**Material for this exercise:**
*** Begin section ***

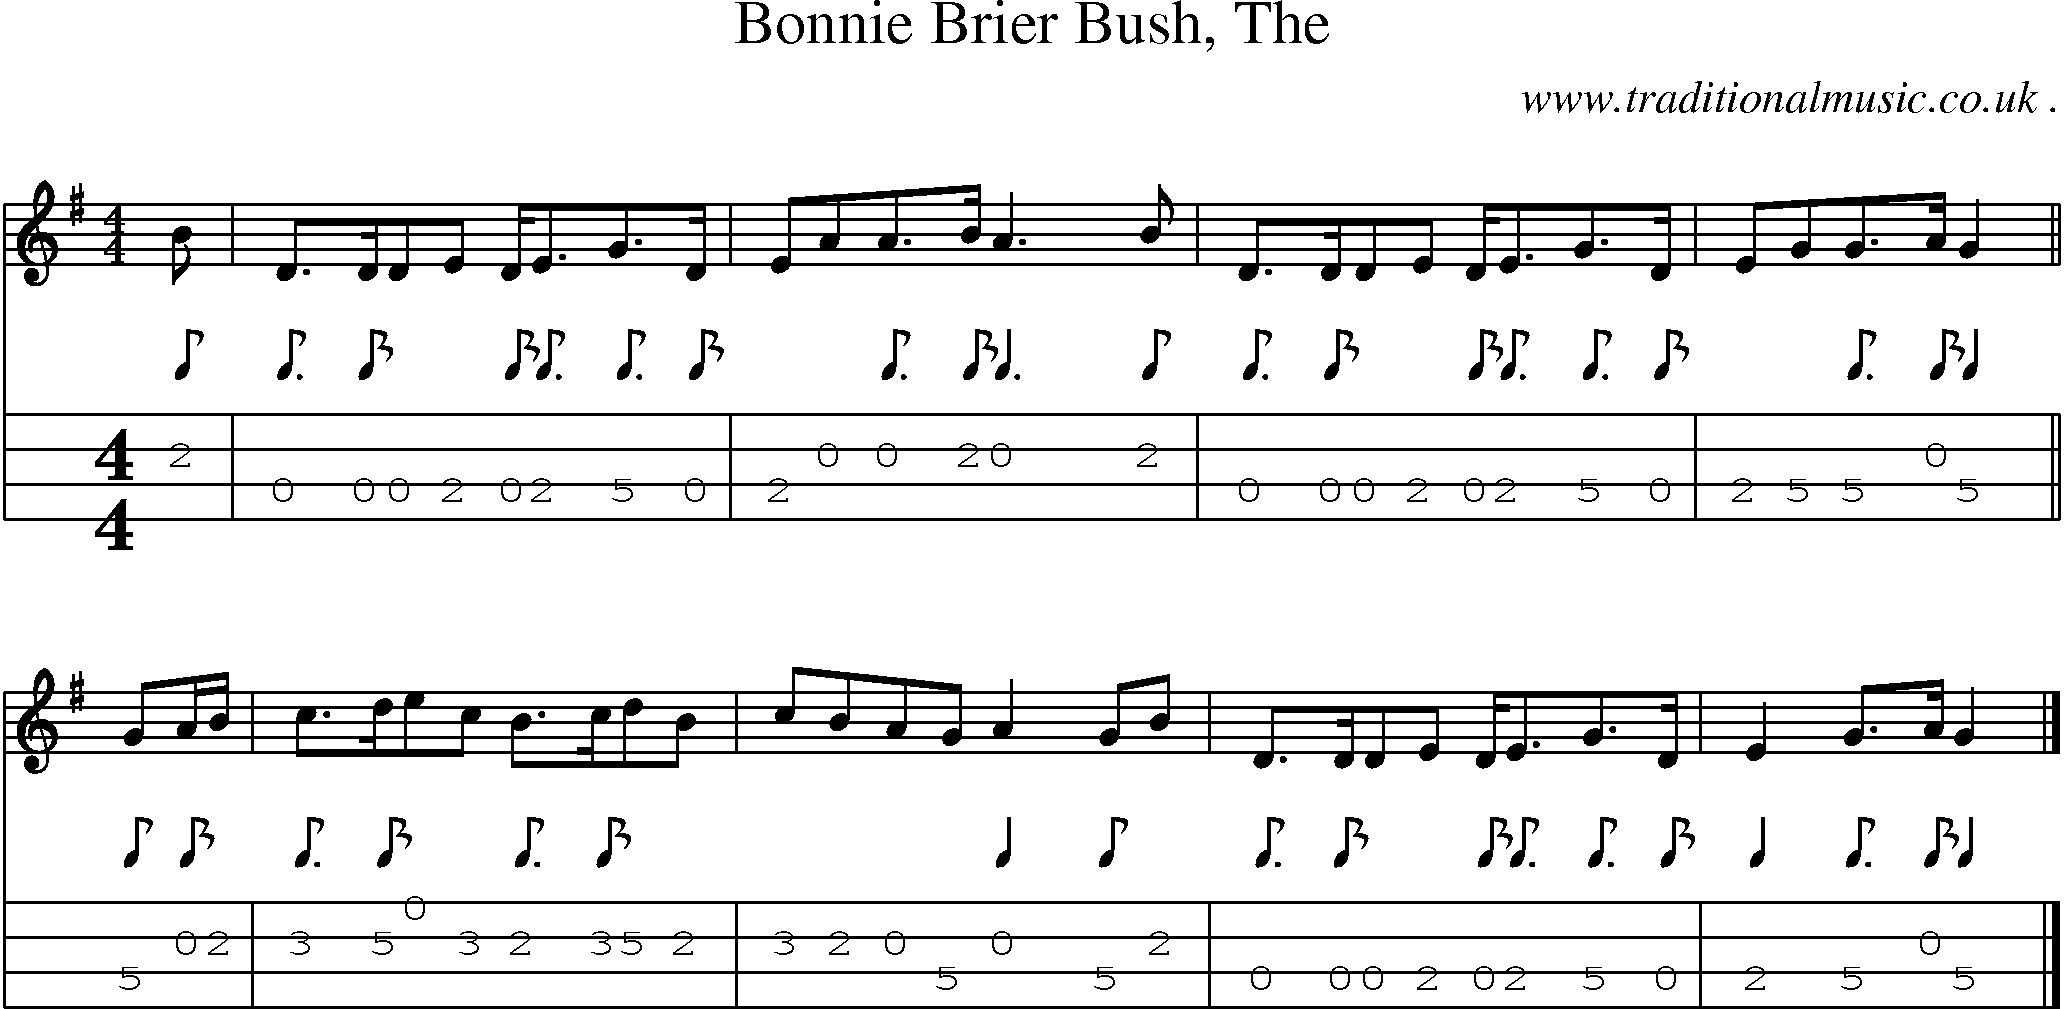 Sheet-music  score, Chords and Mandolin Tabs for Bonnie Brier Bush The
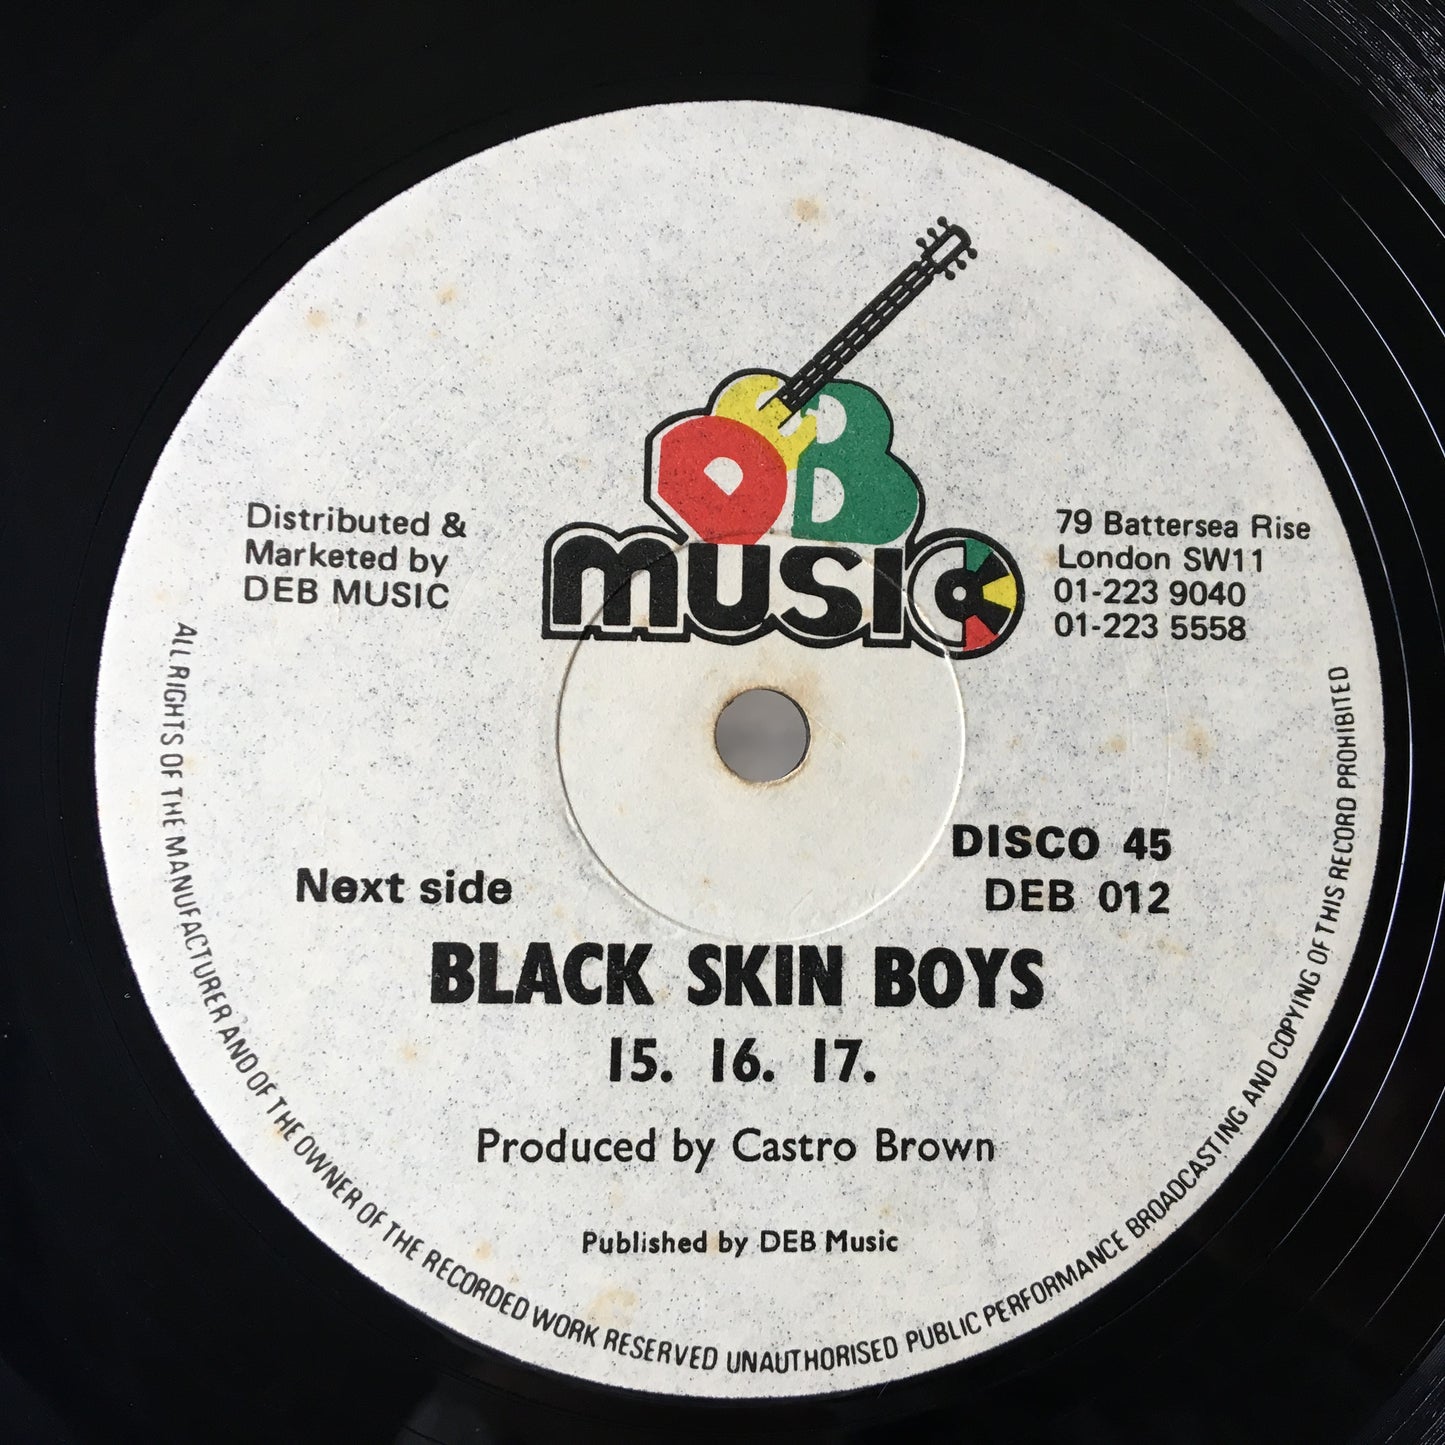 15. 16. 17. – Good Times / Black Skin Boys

*** End section ***
*** Begin section ***

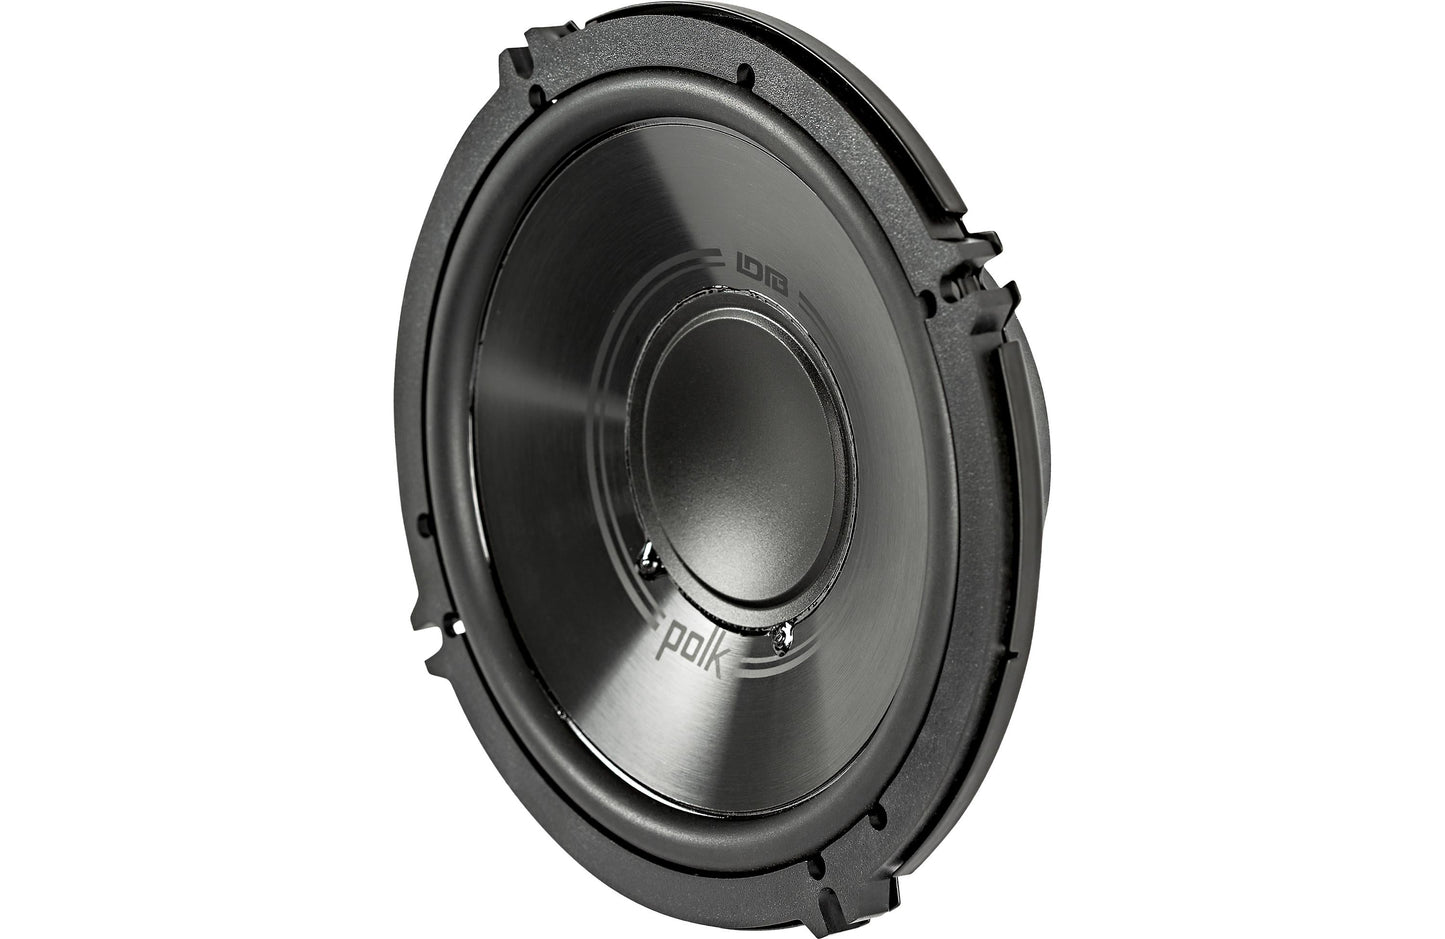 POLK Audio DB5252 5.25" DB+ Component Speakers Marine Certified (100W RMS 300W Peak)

*** End section ***
*** Begin section ***

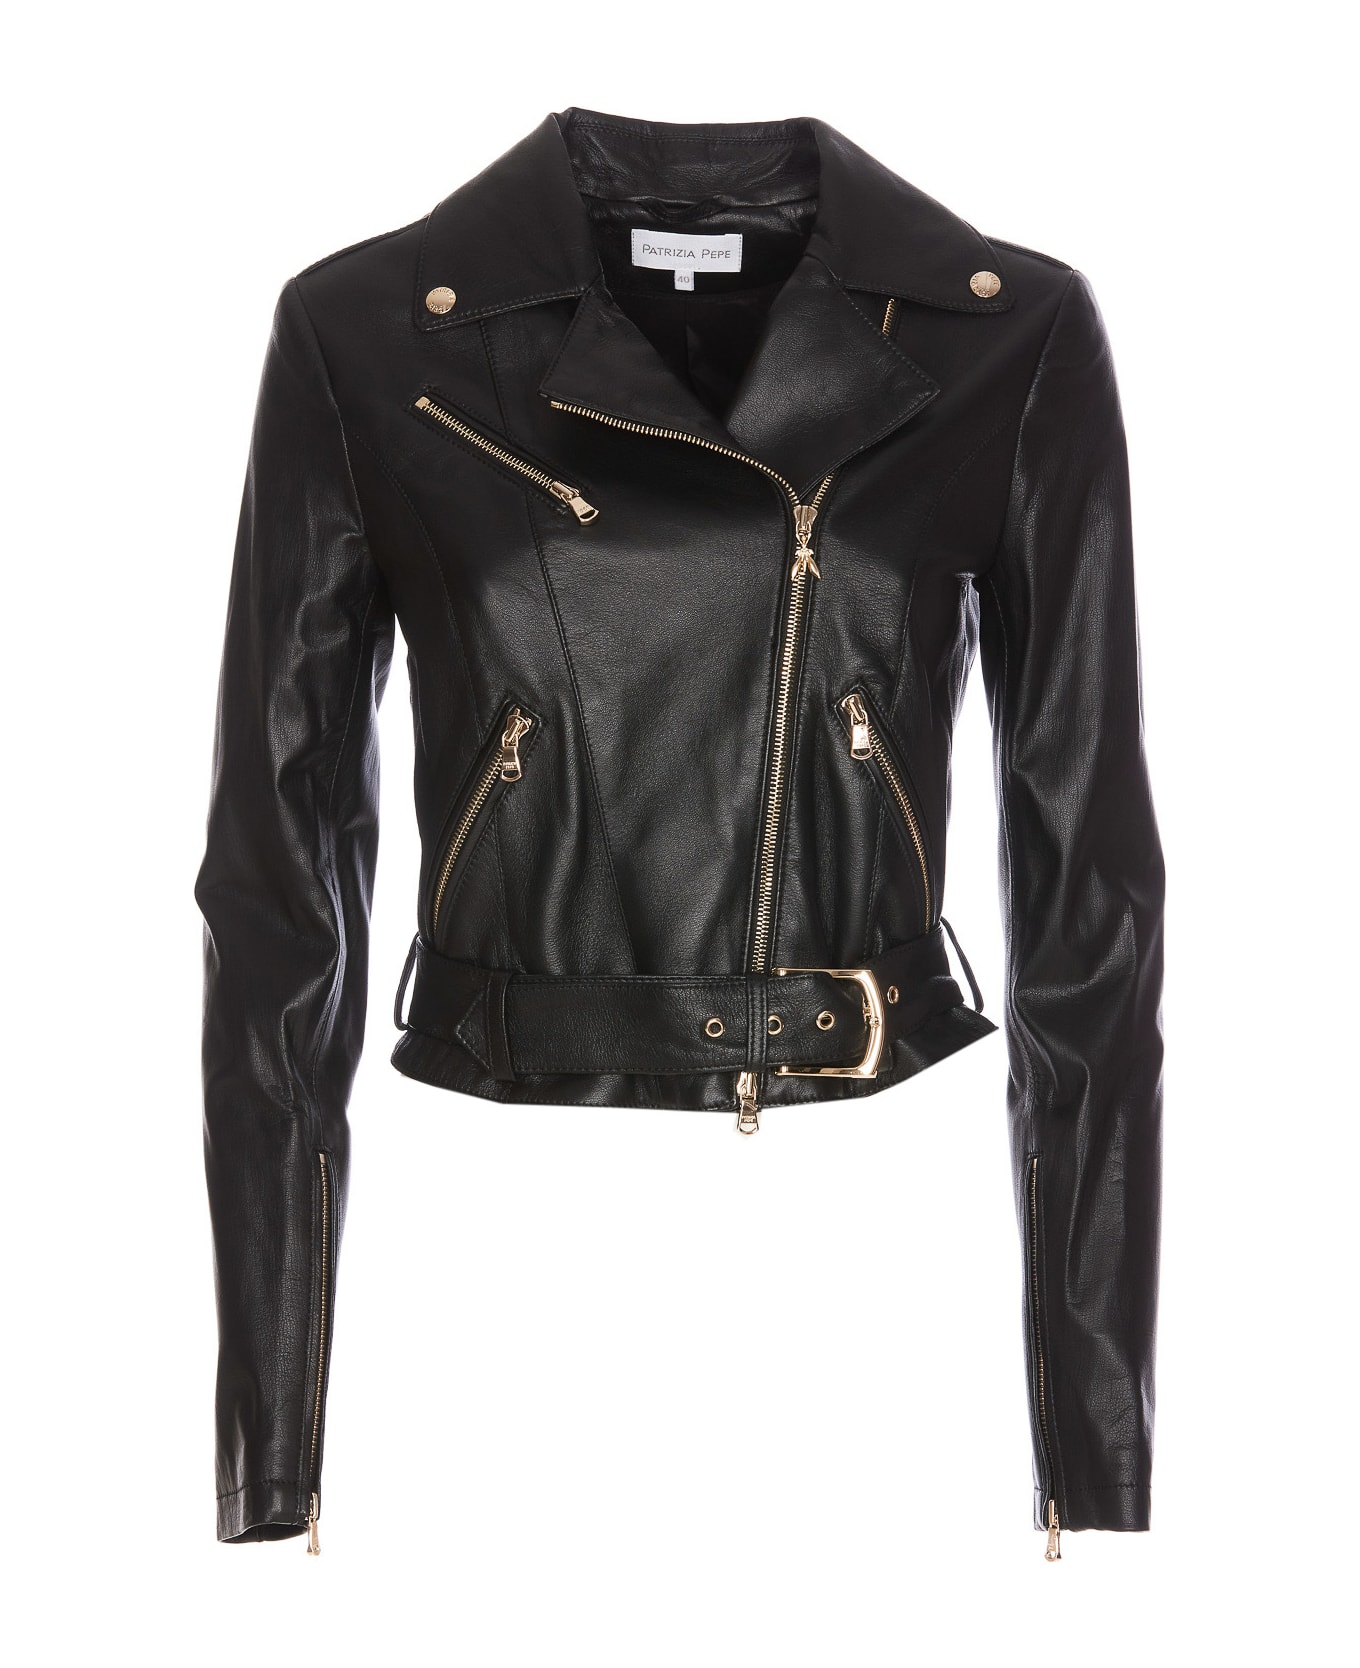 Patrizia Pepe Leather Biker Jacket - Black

*** End section ***

**What is required:**
Using the records above, return verbatim only the part that opens with the line containing "Brier Bush The" and closes with the line containing "15. 16. 17. – Good Times / Black Skin Boys"; pictures stay out.

**Solution for this problem:**
 Sheet-music  score, Chords and Mandolin Tabs for Bonnie Brier Bush The
 15. 16. 17. – Good Times / Black Skin Boys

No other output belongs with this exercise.